7. Symposium 2016 in Hürth

VERBANDSINTERNES
SYMPOSIUM
für die Mitglieder
des Fachverbands


07.10.2016
Hürth


SYMPOSIUMSBERICHT

 

Der Fachverband „in progress“
– Nach dem Symposium ... ist vor dem nächsten Symposium!

 

Nach gleich zwei öffentlichkeitswirksamen und breit aufgestellten Veranstaltungen in 2015, stand 2016 ganz unter dem Motto: „back to the roots“. Wie schon in den Anfangszeiten des Verbandes sollte ein internes Symposium von Mitgliedern für Mitglieder veranstaltet werden. Das Programm wie gewohnt hochkarätig zu besetzen, stellte dabei aber keine besondere Herausforderung dar. Einzig die Suche nach einem möglichst gut ausgestatteten aber günstigen Tagungsort ist meistens nicht ganz einfach. Glücklicherweise fanden wir aber auch hier schnell die unkomplizierte Unterstützung eines institutionellen Verbandsmitglieds.

Die Salus Klinik in Hürth stellte nicht bloß den Tagungsort, sondern kümmerte sich auch zu günstigen Konditionen um eine lückenlose und schmackhafte Versorgung. Dadurch waren wir in der glücklichen Lage, dieses interne Symposium für unsere Mitglieder in diesem Jahr absolut kostenfrei halten zu können. Definitiv nicht darunter gelitten hat das diesjährige Programm, welches wie immer ausgezeichnet besetzt war.

Nach der offiziellen Begrüßung durch Dr. Julia Domma-Reichart, Direktorin der Salus Klinik in Hürth, warf Andreas Gohlke einen resümierenden Blick auf die letzten zwei Jahre, die für den Fachverband nicht nur als arbeits- und ereignisreich, sondern auch – da waren sich alle einig – als erfolgreich gewertet werden dürfen.

„Was kann stationäre Reha leisten?“ - diese und weitere Fragen beantwortete im ersten Vortrag des Tages Stephan Pitten. Er bot uns einen detaillierten Einblick in die Erfahrungen der Salus Klink in der stationären Behandlung von medienabhängigen Patienten.

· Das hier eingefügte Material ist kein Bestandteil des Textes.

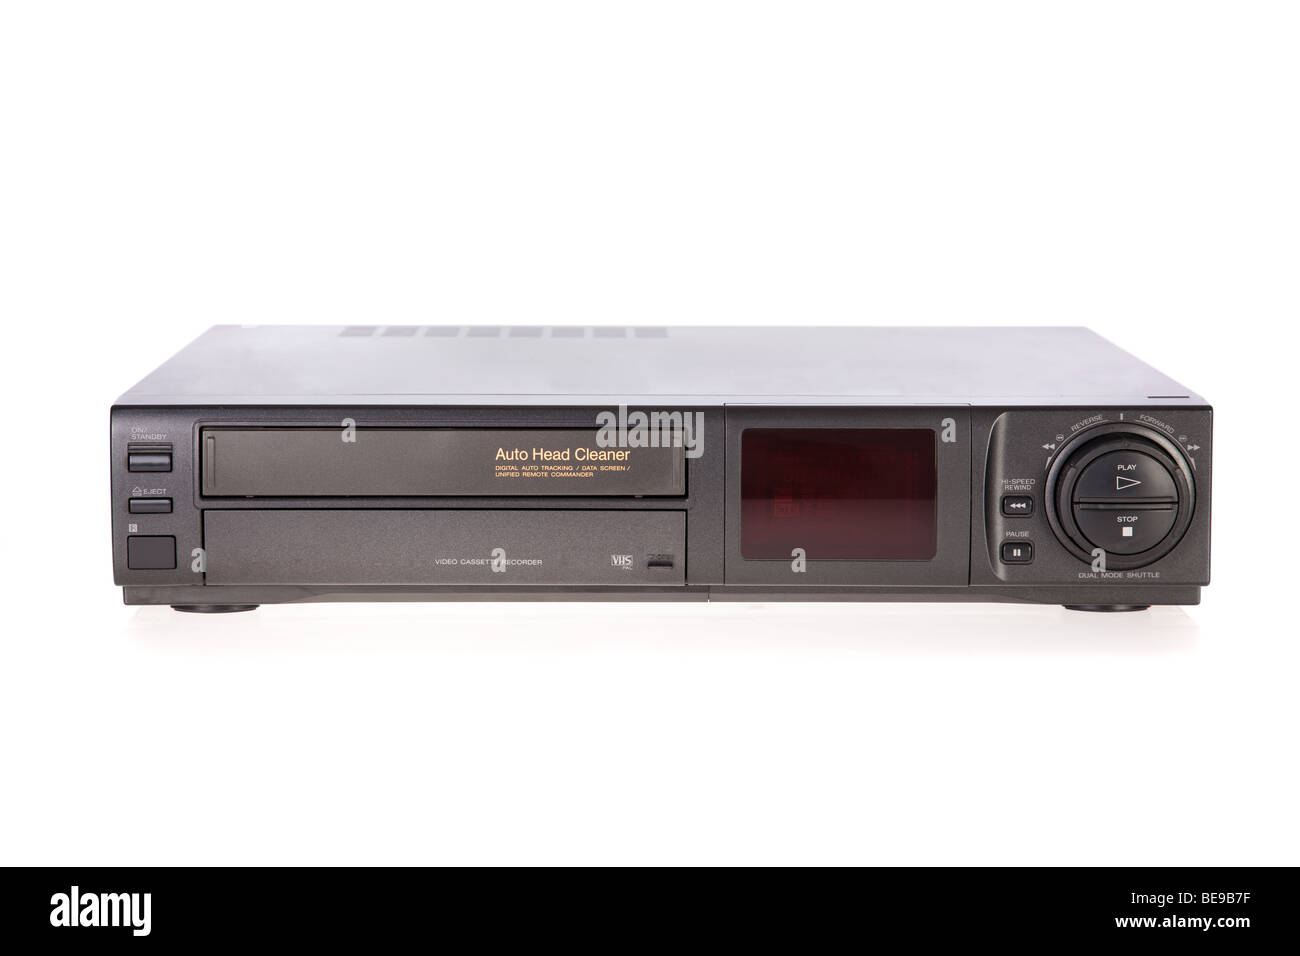 Cassette VHS auto-nettoyante pour magnétoscope

Es folgte PD Dr. Bert te Wildt mit der Vorstellung von „OASIS – einer Online-Ambulanz als digitale Brücke ins analoge Beratungs- und Behandlungssetting“. Das Bundesmodellprojekt OASIS möchte Internetabhängige dort abholen wo sie sind – und dorthin vermitteln, wo sie spezialisierte und hochwertige Unterstützung bekommen. Auch die ersten Zahlen konnte Bert te Wildt bereits präsentieren. So viel sei verraten: Das Projekt scheint genau den richtigen Nerv zu treffen.

Mit einer „Stoffkunde“ der etwas anderen Art beendete Michael Knothe die Vortragsrunde mit einem lebendigen Vortrag über die „aktuellen Entwicklungen in der Medienlandschaft“. Wie kreativ Spieleentwickler heutzutage sein können wenn es um das Geld ihrer Kunden geht und was uns erwartet, wenn „Virtual Reality“ irgendwann bezahlbar wird sind dabei nur einige der Aspekte, die uns im Fachverband sicherlich noch einige Zeit begleiten werden.

Den Nachmittag stellten wir ganz in den Dienst unserer Arbeitsgruppen. Die Gelegenheit wurde rege genutzt, gemeinsam über zukünftige Projekte, Ausrichtungen und über aktuell anstehende Themen zu diskutieren.

Was nach einer schönen und konstruktiven Veranstaltung bleibt ist wie immer die Freude auf das kommende Jahr, denn nach dem Symposium ist ja bekanntlich vor dem nächsten Symposium.